_Information shown_
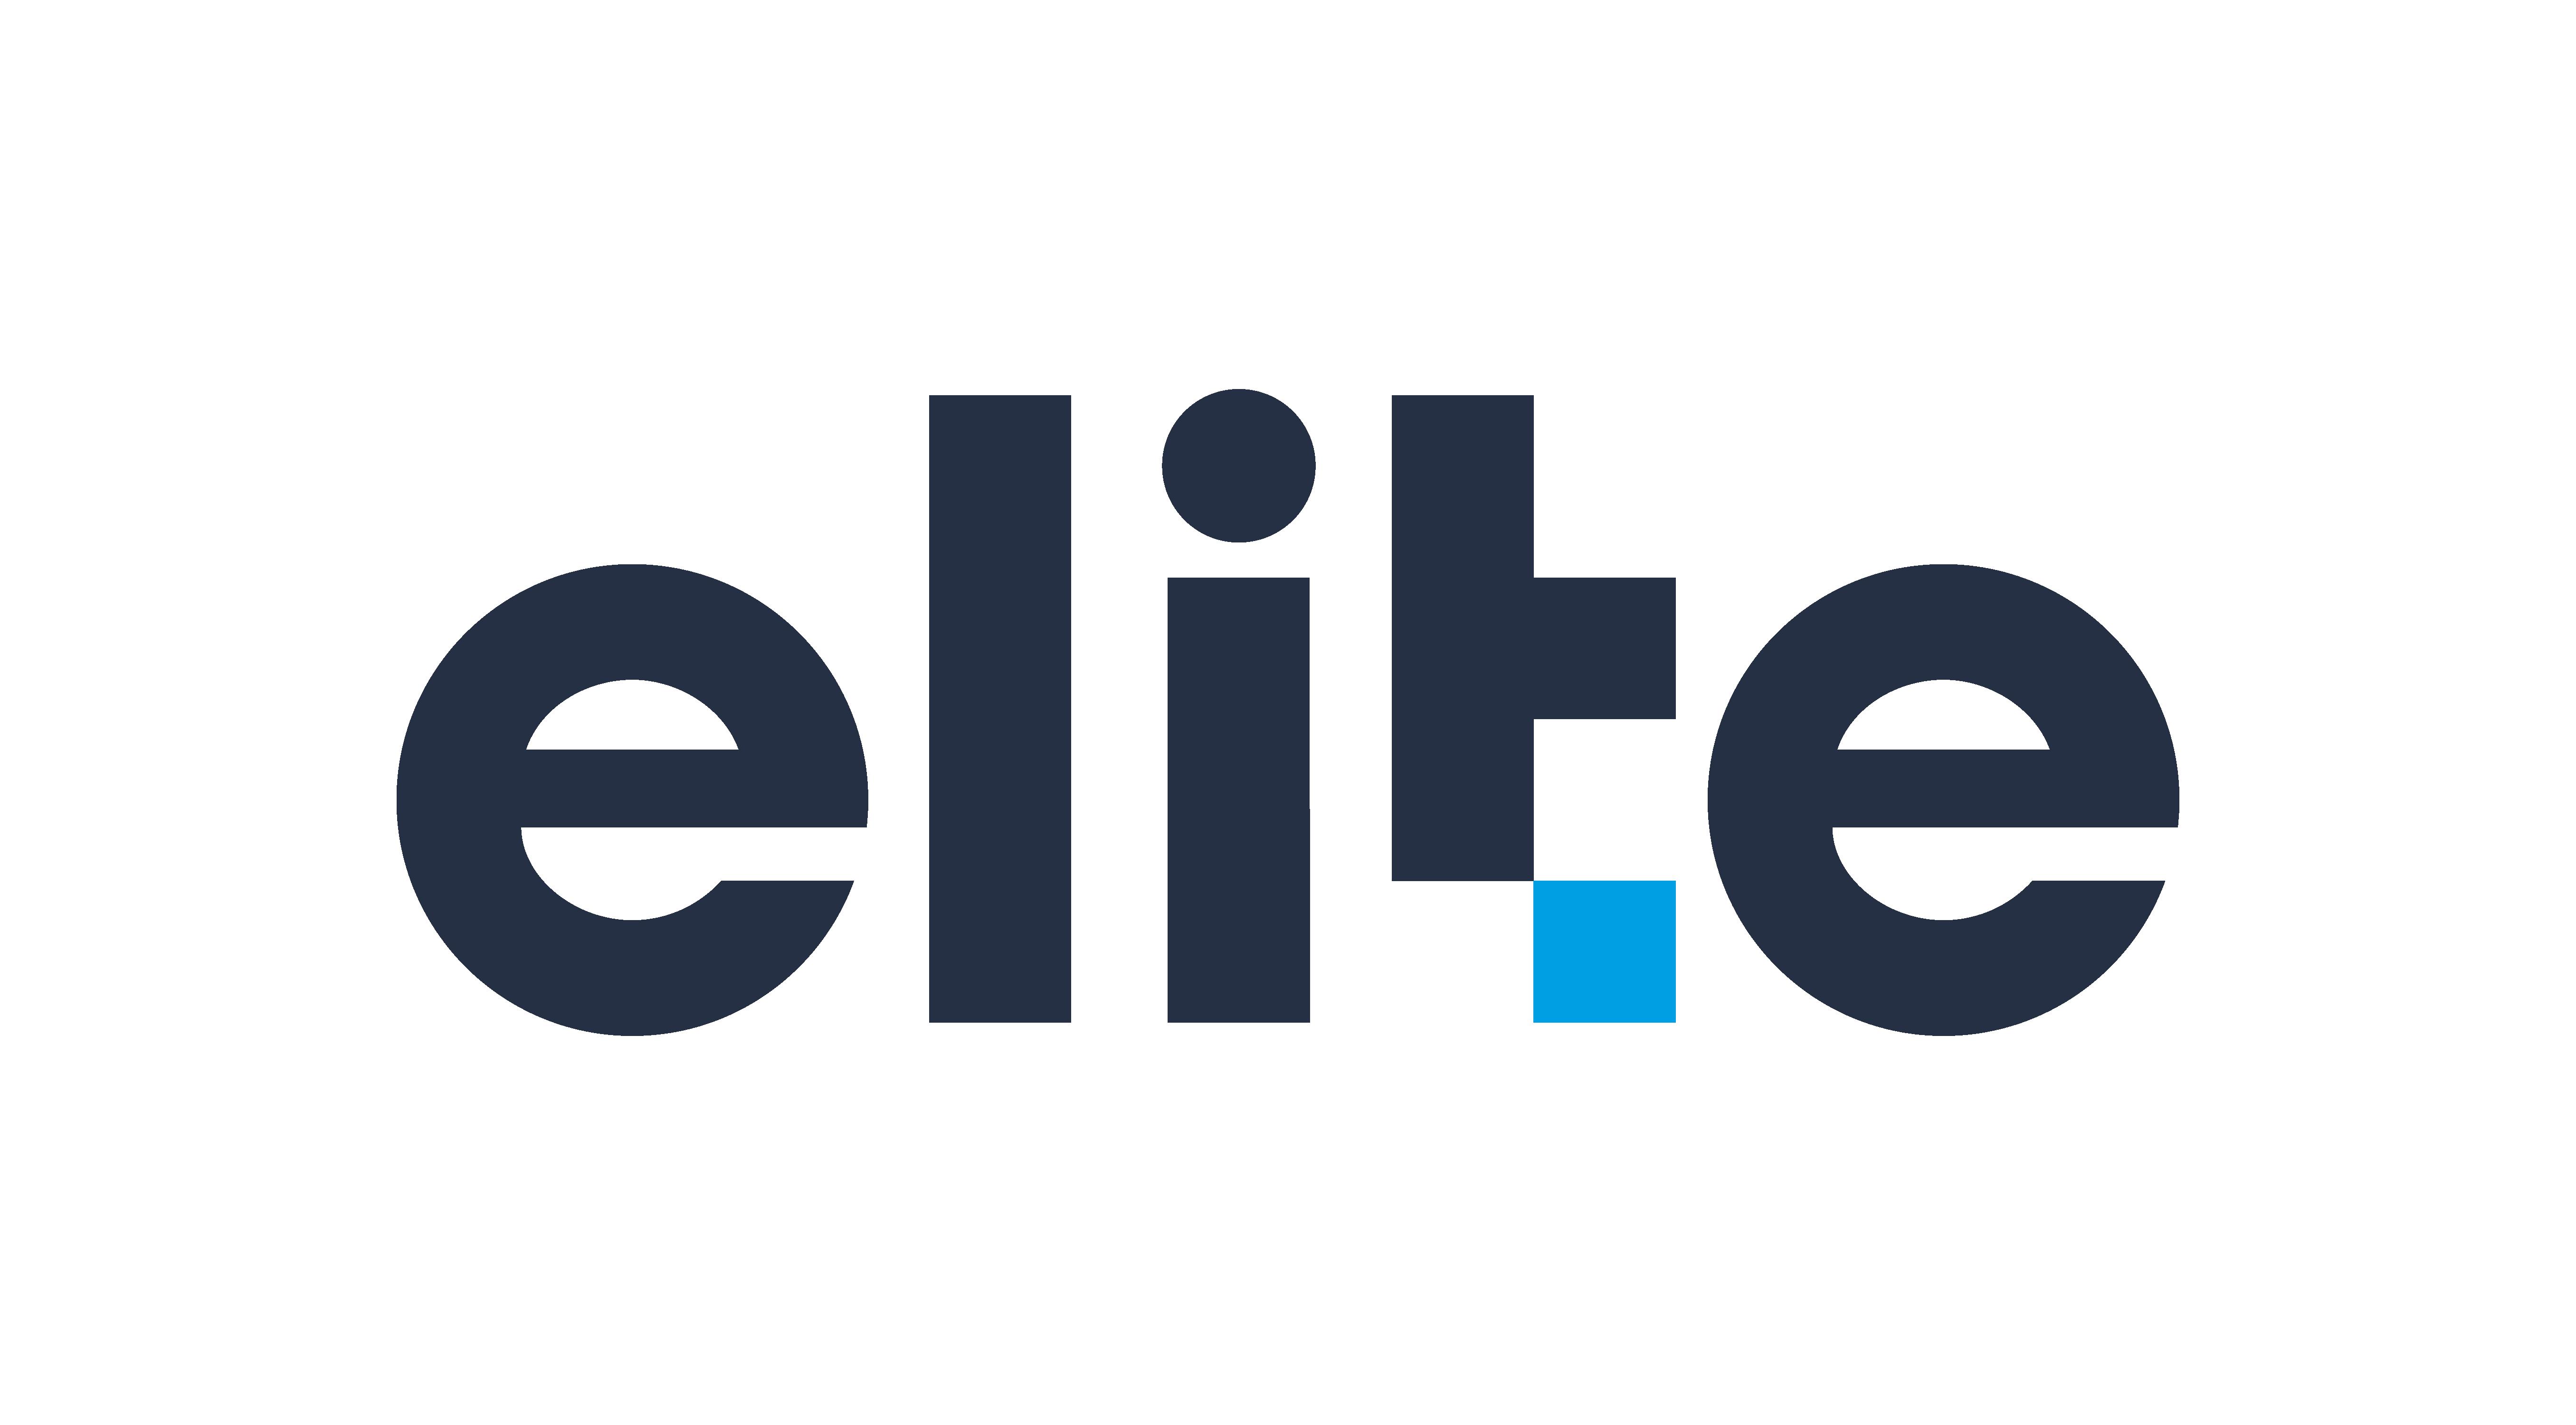 Elite_Solutions_logo image
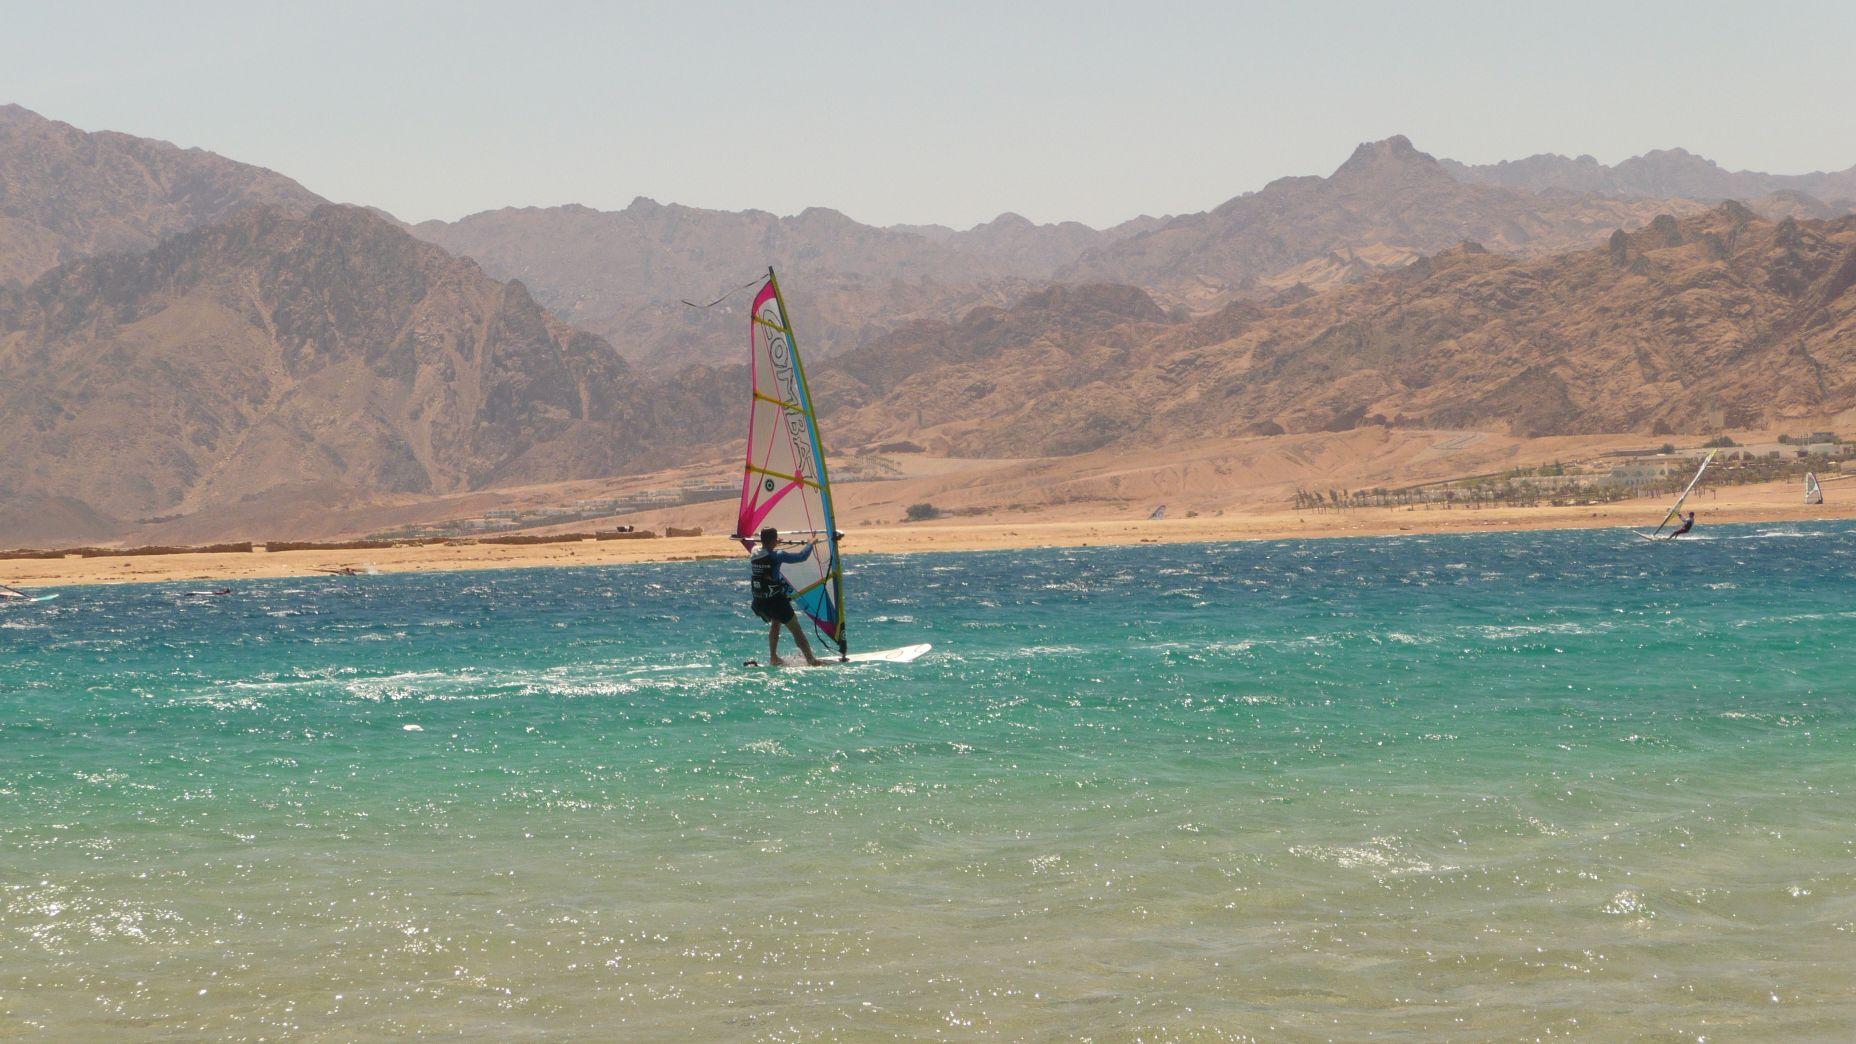 Egipt - Dahab - windsurfing kitesurfing
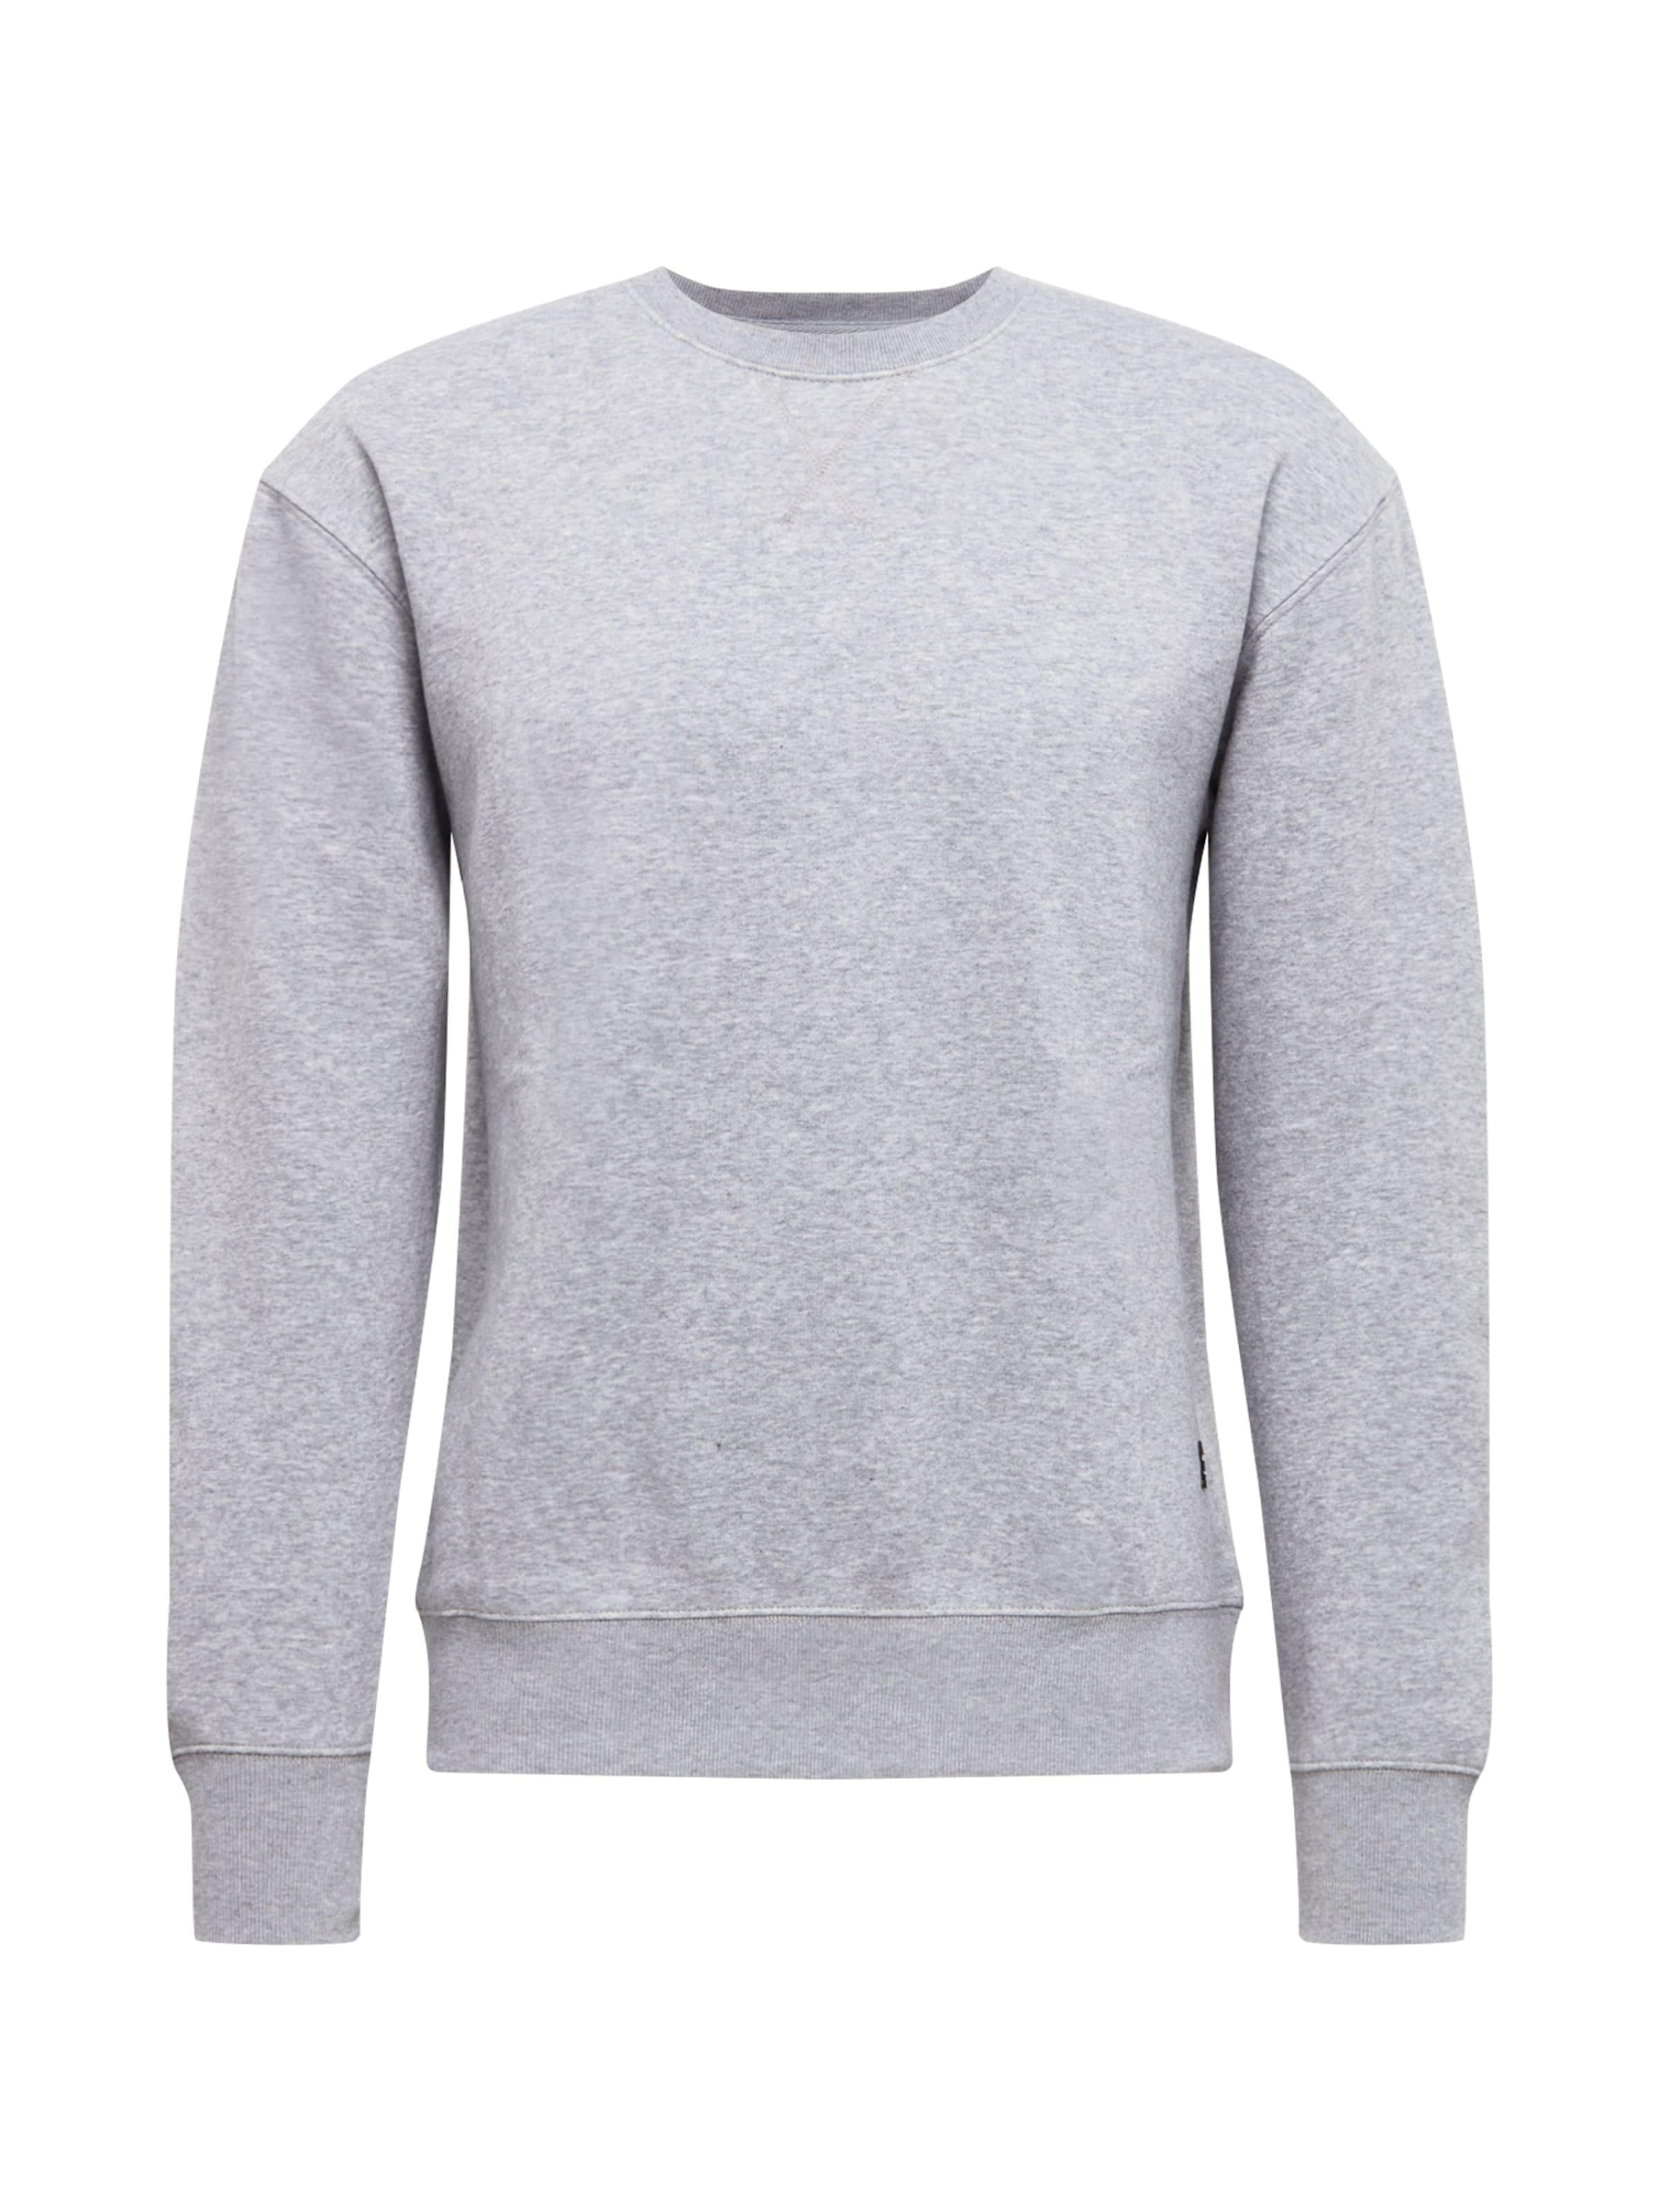 Jones Sweat Foncé En 'soft' shirt Gris Jackamp; YbD9eWEH2I

_What the exercise asks_
All of the material above is to be copied exactly, with no pictures.

_Answer to the problem_
 Elite_Solutions_logo image
 Egipt - Dahab - windsurfing kitesurfing
 Jones Sweat Foncé En 'soft' shirt Gris Jackamp; YbD9eWEH2I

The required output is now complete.